Clinical verification of the activity and tolerability of fitostimoline vaginal pessaries in women with hysterectomy : randomized, perspective, monoscentric study

Objective: To evaluate the activity of Fitostimoline® pessaries in comparison to the standard of care in the treatment of women with hysterectomy. Methods: An observational, randomized, perspective study performed on 60 women where 30 women were treated with Fitostimoline® pessaries for 12 days after surgery and 30 women were treated with the standard of care. A first follow-up visit was performed at 12 +/- 3 days and a final follow- up visit was performed at 40 +/- 3 days. Results: At the first control, 45% of patients in the Fitostimoline® group reported no evidence of vaginal bleeding after surgery; instead, 41% in the control group reported such result. At the final visit, 79% patients reported no evidence of vaginal bleeding in the Fitostimoline® group, while 63% in the control group.
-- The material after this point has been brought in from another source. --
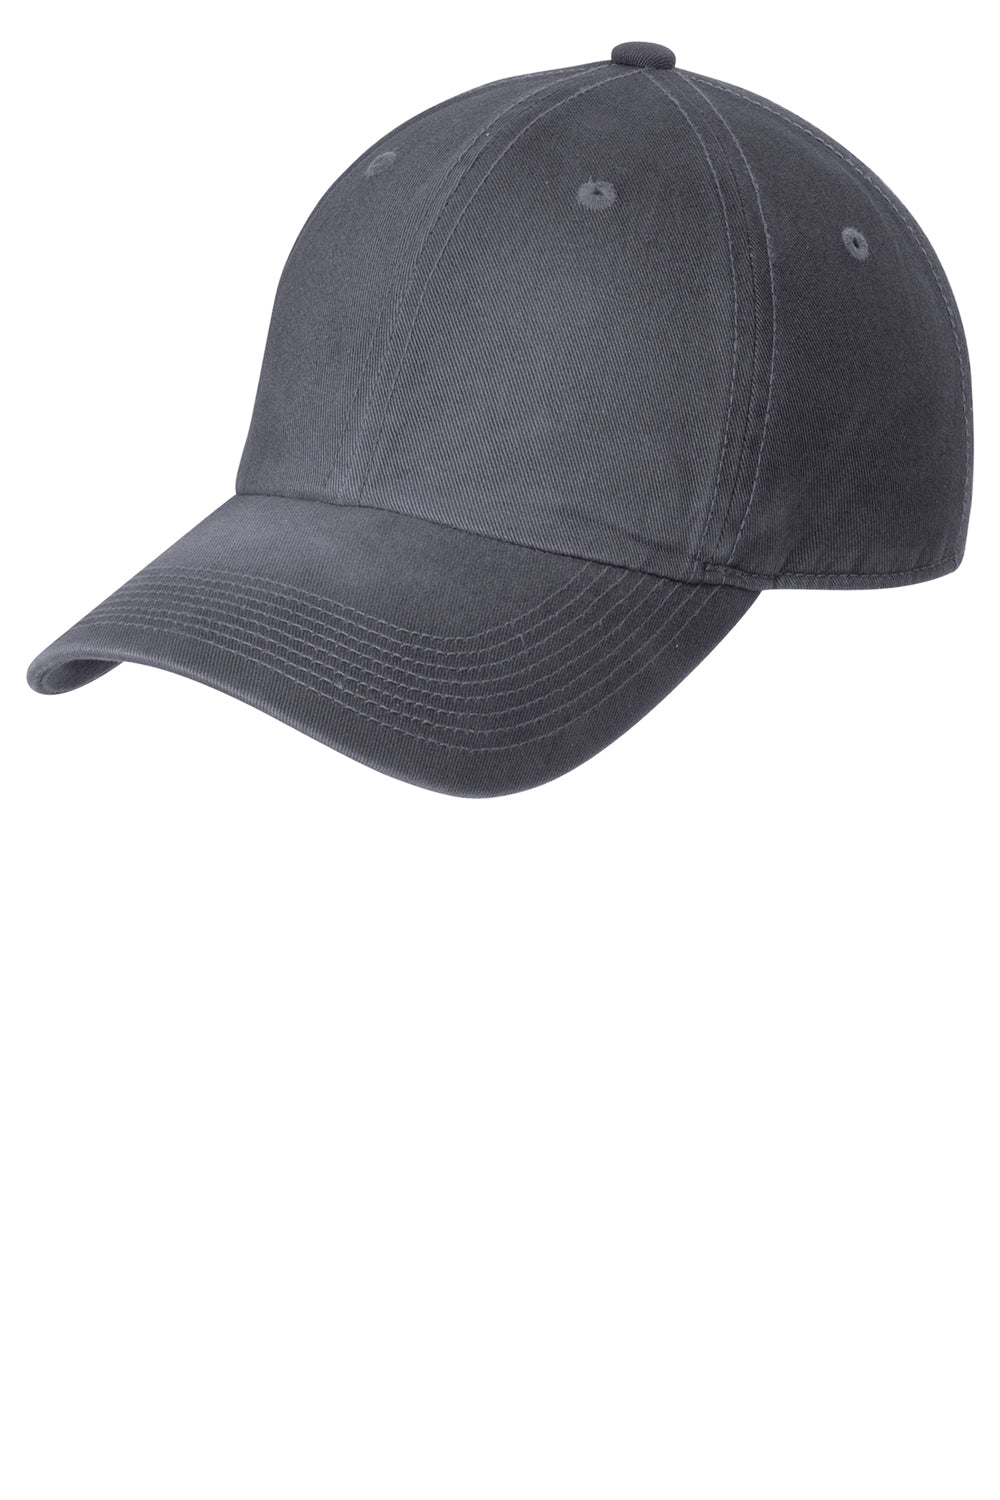 Port Authority C811 Mens Adjustable Hat Charcoal Grey Front

The medial duration of minor vaginal bleeding in the Fitostimoline® group was 11.8 days, whilst for discrete vaginal bleeding the medial duration was 4 days. In the control group instead it was 12 days, whilst for discrete vaginal bleeding the medial duration was 8 days. Conclusion: The use of Fitostimoline® ovules after hysterectomy is effective in reducing the quantity of vaginal bleeding, regardless the menopausal status, surgical approach and type of indication to surgery.